I've ordered a skz205 divers watch, has anyone got any pics. opinions of this watch.

Cheers Vic


----------



## jasonm (Nov 22, 2003)

Thats the Titainium 40th Aniversary Job isnt it Vic?

Looks great with the carbon dial, havent had one though...

I think Derek (Luvwatch) had one, dont think it was the Ti one though....


----------



## vic.wootton (Mar 28, 2004)

Yes Jase it's the ti one, the only other Seiko I've had was a quartz, I need to get used to this 'non manual winding' thing


----------



## seanman (Feb 11, 2005)

vic.wootton said:


> I've ordered a skz205 divers watch, has anyone got any pics. opinions of this watch.
> 
> Cheers Vic
> 
> ...


Hi Vic,some great pics on Seiko Citizen forum USA search Google. I bought the watch in Dec 05 and its a top quality item. regards Sean


----------



## vic.wootton (Mar 28, 2004)

Welcome to the forum Seanman and thanks for the reply, my watch is on the way from Bankok at the moment, I'm just trying to get as much info about it as possible (you know how it is)

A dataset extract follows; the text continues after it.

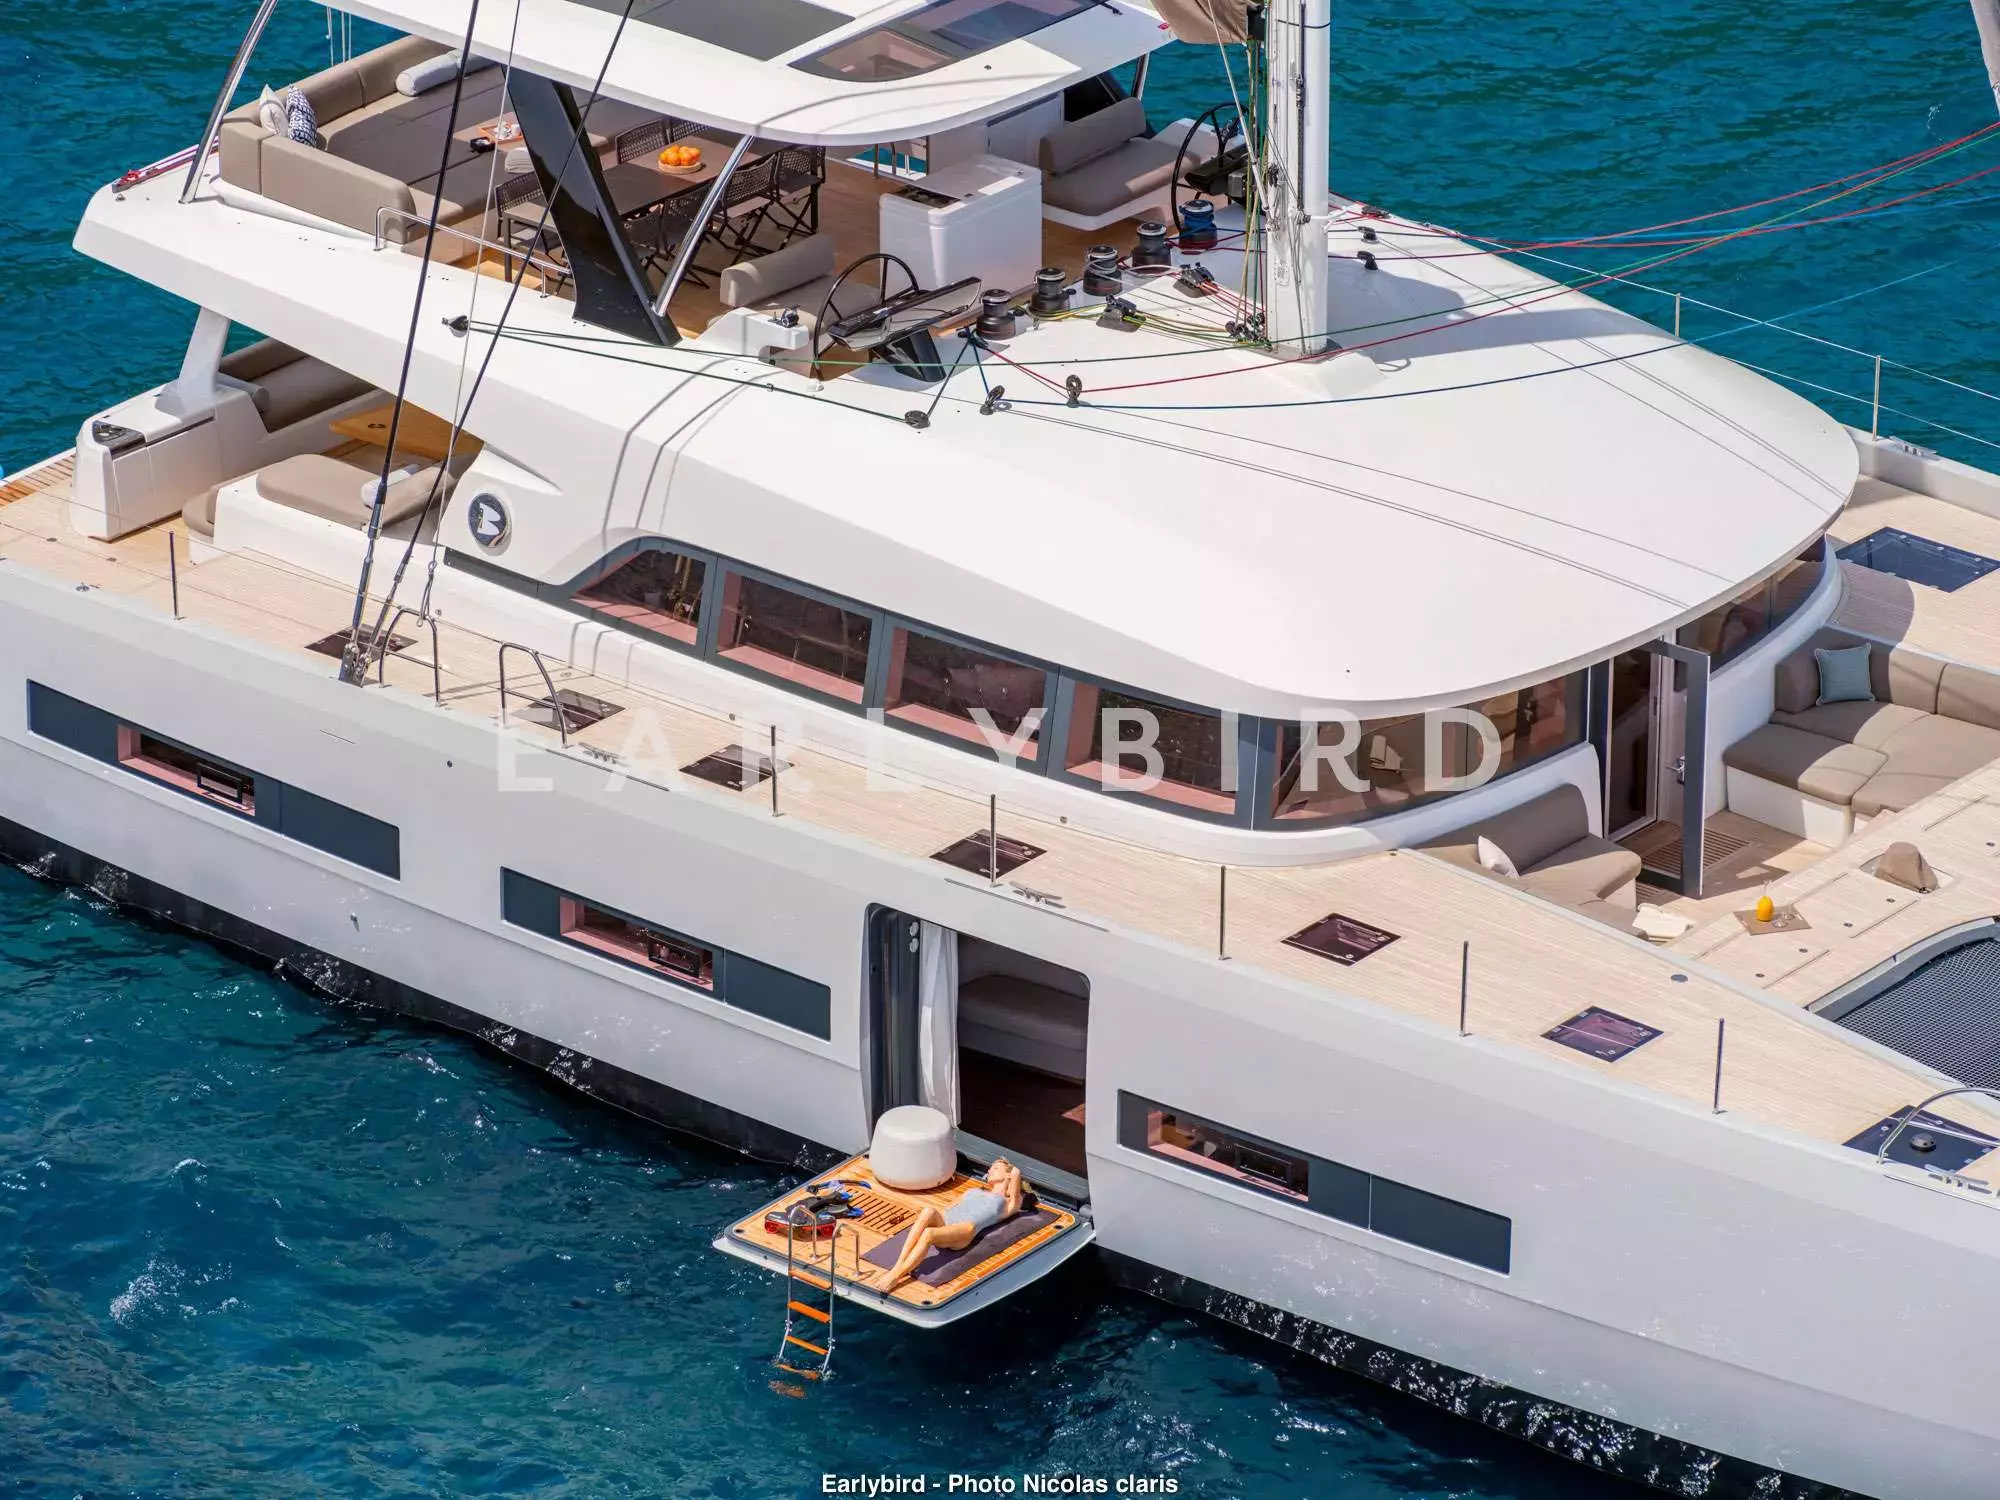 Earlybird by Lagoon - Special Offer for a private Luxury Catamaran Charter in Corsica with a crew

Many of the photos I've seen of this watch seem to suggest that the titanium case is a blackish colour, is this correct ?


----------



## vic.wootton (Mar 28, 2004)

Crickey what a wait, the watch finally arrived after about 5 weeks, it seems the delivery got screwed up uk side. Ewan was very concerned and was contacting people in both countries trying to track it down.

The watch is fantastic, the lume has to be seen to be believed and the bracelet is a marvel of engineering, I will try to take some photos and ask someone to post them for me.









Vic


----------



## jasonm (Nov 22, 2003)

No probs vic, Email em to me jam_miller 'at' hotmail.com


----------